As shown above, two dotted lines inside the cloth belt, the middle green solid line for the simple moving average, yellow part of the true closing trend

Contact Us

The content source of this page is from Internet, which doesn't represent Alibaba Cloud's opinion; products and services mentioned on that page don't have any relationship with Alibaba Cloud. If the content of the page makes you feel confusing, please write us an email, we will handle the problem within 5 days after receiving your email.

If you find any instances of plagiarism from the community, please send an email to: info-contact@alibabacloud.com and provide relevant evidence. A staff member will contact you within 5 working days.

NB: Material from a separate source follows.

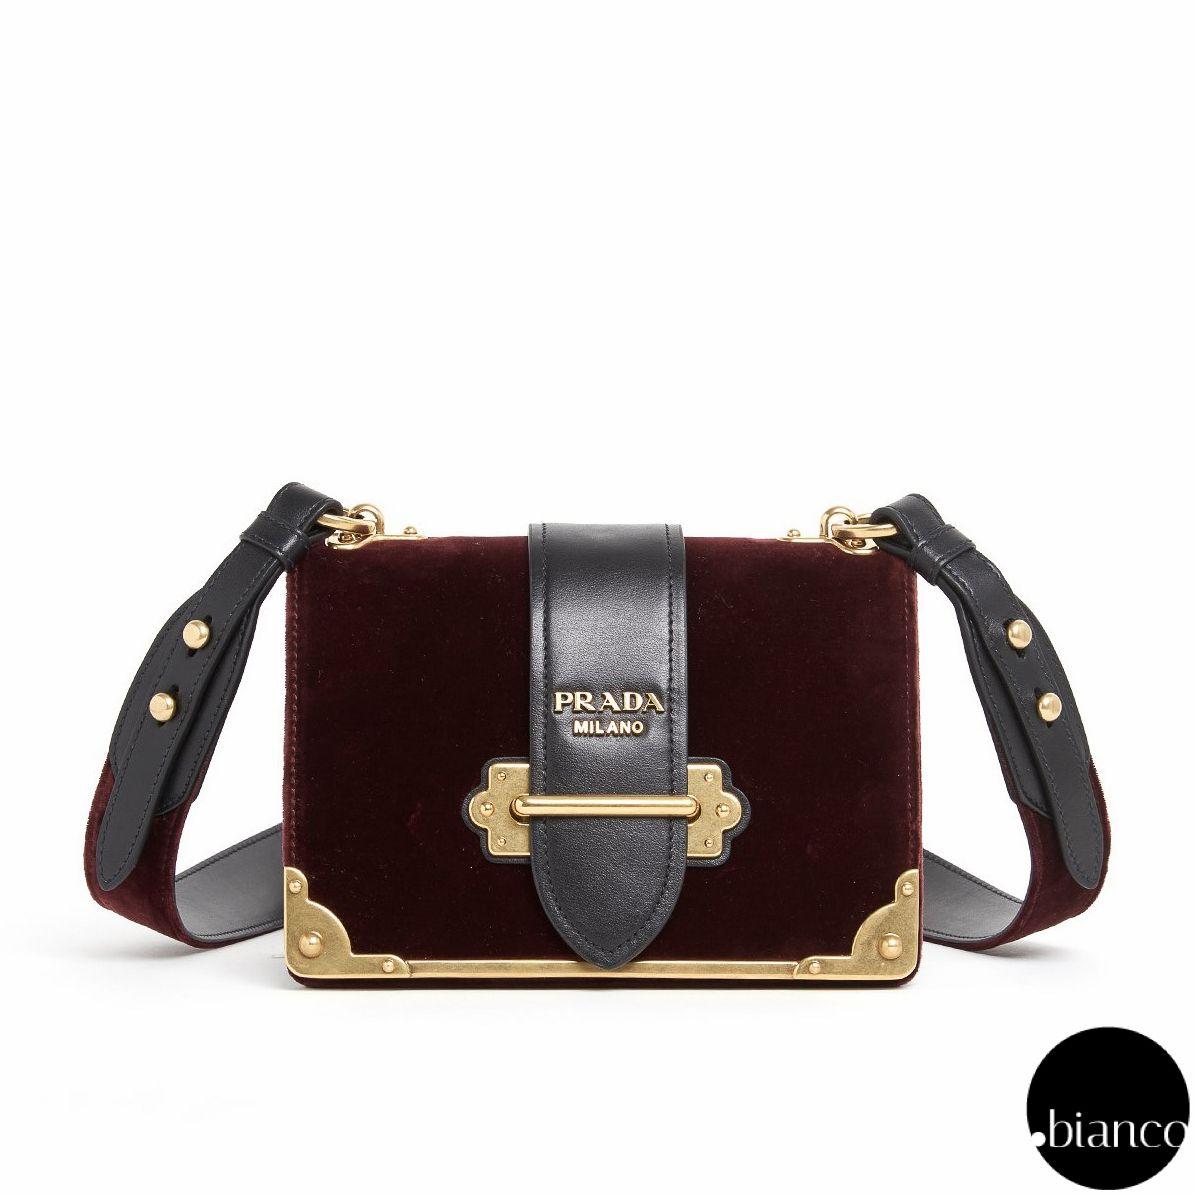 e4e1d18ac35b PRADA CAHIER 2017-18AW Bi-color Leather Handmade Elegant Style Shoulder Bags

A Free Trial That Lets You Build Big!

Start building with 50+ products and up to 12 months usage for Elastic Compute Service

  • Sales Support

    1 on 1 presale consultation

  • After-Sales Support

    24/7 Technical Support 6 Free Tickets per Quarter Faster Response

  • Alibaba Cloud offers highly flexible support services tailored to meet your exact needs.